之后的几天,《黑神话》的制作进度提了起来。

  只不过,奇迹游戏的宣传视频下又多了点新问题。许琛靠在办公椅里,左手拇指在手机屏幕上缓慢地往下滑动。

  屏幕上是《黑神话:天命人》首支概念预告片的评论区。

  三天前这条视频刚发布的时候,评论区的画风还是清一色的“卧槽”“国产之光”“许琛永远的神”。那些留言像潮水一样涌进来,每一条都带着不加掩饰的狂热和期待,刷屏速度快到他根本来不及看完。

  现在不一样了。

  他的拇指停在一条点赞量三万七千的评论上。

  “说实话,古墓的DLC还没影呢就急着开新坑,这吃相是不是太难看了点?”

  往下翻。

  “西游题材做游戏的还少吗?手游页游端游加起来几百款了吧,哪个成了?凭什么你奇迹游戏就觉得自己能行?”

  再往下。

  “我现在最怕的就是古墓变成弃坑产品。
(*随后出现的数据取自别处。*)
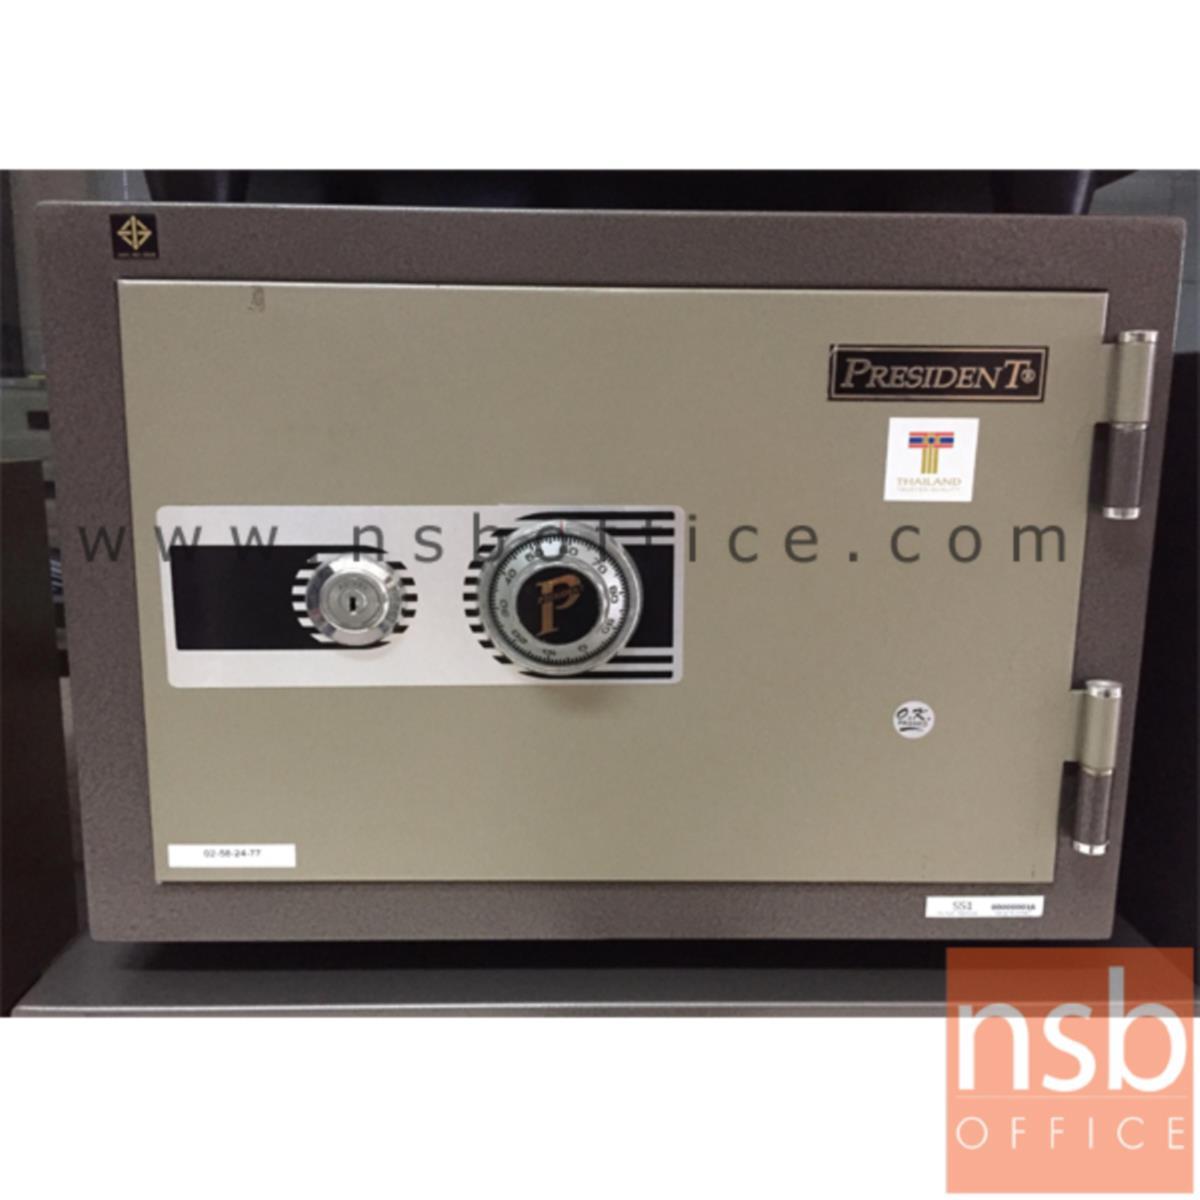 F05A048:ตู้เซฟนิรภัยชนิดหมุน 50 กก.  รุ่น PRESIDENT-SS1T มีถาด 4 อัน มี 1 กุญแจ 1 รหัส (ใช้หมุนหน้าตู้)

当初买的时候可是冲着'三部曲'去的,结果第一部还没做完后续内容就跑去搞新IP了?退钱。”

  “资本的味道太重了。一个游戏火了就想着复制成功,流水线批量生产3A大作?当我们玩家是韭菜?”

  热搜话题#奇迹游戏飘了#挂在榜单第四位,阅读量的数字已经跳到了两亿三千万。许琛用拇指点进去,里面的讨论帖密密麻麻,标题一个比一个扎眼——“从古墓到黑神话:一个游戏公司的膨胀史”“许琛是天才还是赌徒?”“当情怀变成生意”。

  他的表情没有任何变化。

  眼睛从屏幕上移开,目光落在窗外那棵梧桐树的树冠上。七月的叶片被晒得发亮,风从东南方向吹过来的时候,树冠整体往左偏了两度,露出底下那片被树荫遮蔽的停车场。有个穿白色T恤的年轻人正从车里出来,手里拎着一袋外卖。

  许琛把手机屏幕朝下扣在桌面上。

  玻璃面板和木质桌面接触的声音很轻——“嗒”的一下,像一颗棋子被放在棋盘上。

  他靠进椅背,弹簧发出一声细微的吱呀。双手搭在扶手两侧,十指自然垂落,指尖没有任何多余的动作。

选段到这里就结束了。